Breeding for drought tolerance, a major problem in all millet environments, is also difficult because it is hard to accurately simulate drought conditions and because manipulating a plant trait to improve tolerance to severe drought stress at one growth stage may result in increased sensitivity to drought at another stage.
These difficulties notwithstanding, national and international research programmes have made significant advances. Improvements in pearl millet yields in the developing countries, mainly in India, have occurred largely due to the development, release and widespread multiplication of improved open-pollinated and hybrid cultivars. Because of their low sowing rates (3-4 kg/ha of seed) and high multiplication rates (200 to 500-fold per generation), these improved cultivars have been adopted fairly widely even by subsistence farmers in specific, relatively favourable, millet environments, e.g., Gujarat, Haryana and Maharashtra in India.

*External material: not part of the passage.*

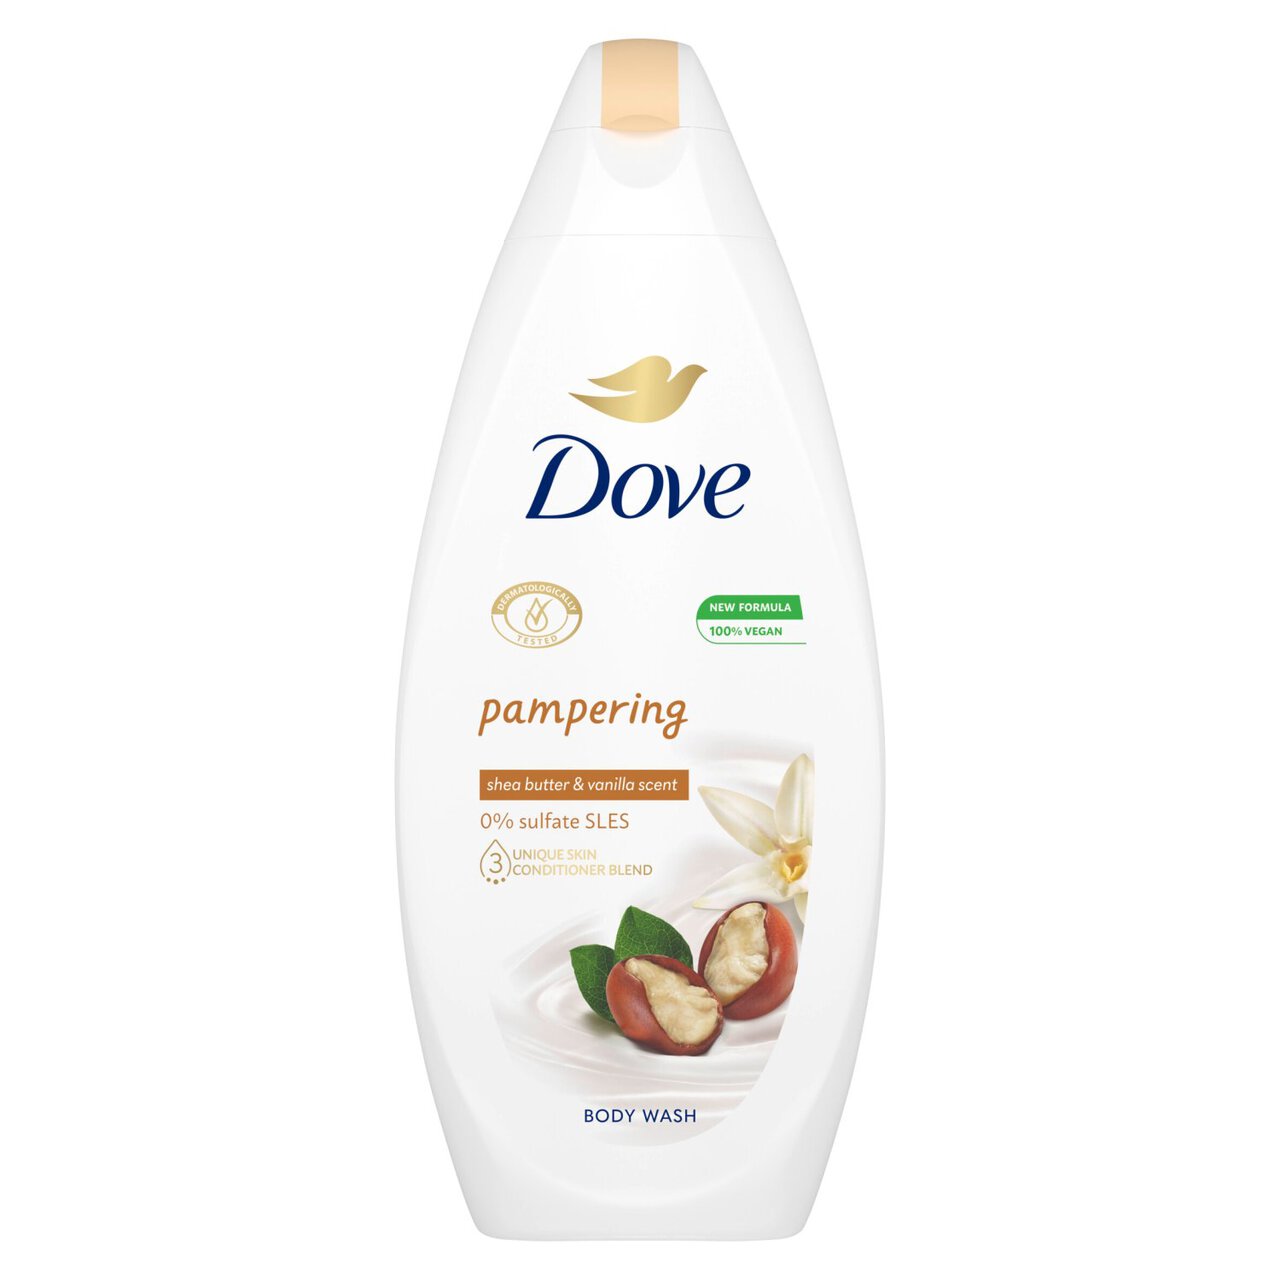 Dove Pampering Shea Butter Body Wash Shower Gel 225ml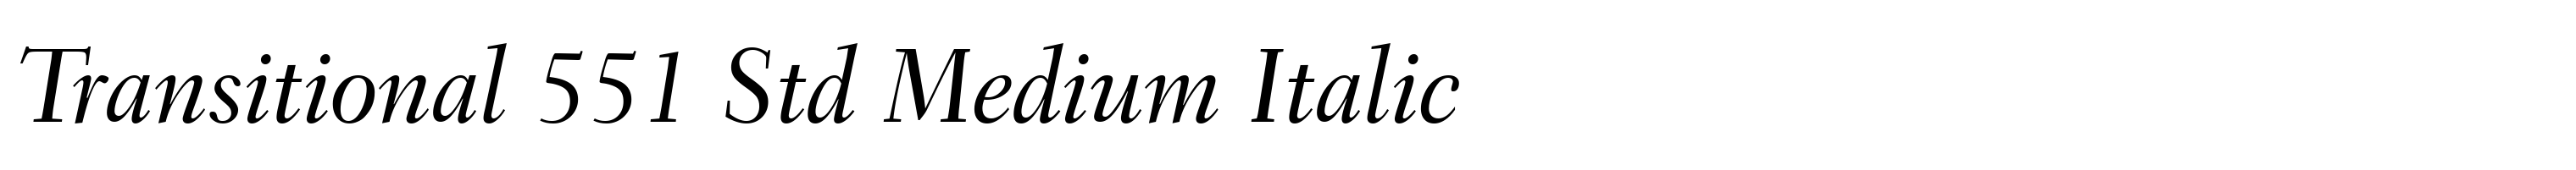 Transitional 551 Std Medium Italic

In Africa, hybrids have yet to make a significant impact because extension is inadequate and the seed industry poorly developed. However, there has been some adoption of improved open-pollinated varieties in Southern Africa. These offer marginal gains in grain yield over traditional landraces, and are less prone to end-of-season drought because they mature earlier, thus reducing the risk of crop failure.
The problem of environmental degradation is common for many crops, but particularly serious in millet. Population growth has forced farmers to shorten fallow periods (which in turn has resulted in declining soil fertility) and to expand millet cultivation into more marginal lands. This is most evident in Africa, where millet area has increased and yields have declined over the past 15 years. This problem is less serious in Asia; however, in the harsher environments in Rajasthan, the expansion into more marginal areas will make future productivity increases harder to achieve.
Improving the reliability of grain and stover yields continues to be the major focus of millet research. Current millet research is moving in two broad directions:
· shorter crop life cycles of 70-80 days (as against the more usual 90 days), so that the plant can escape end-of-season drought;· better tolerance to mid-season drought.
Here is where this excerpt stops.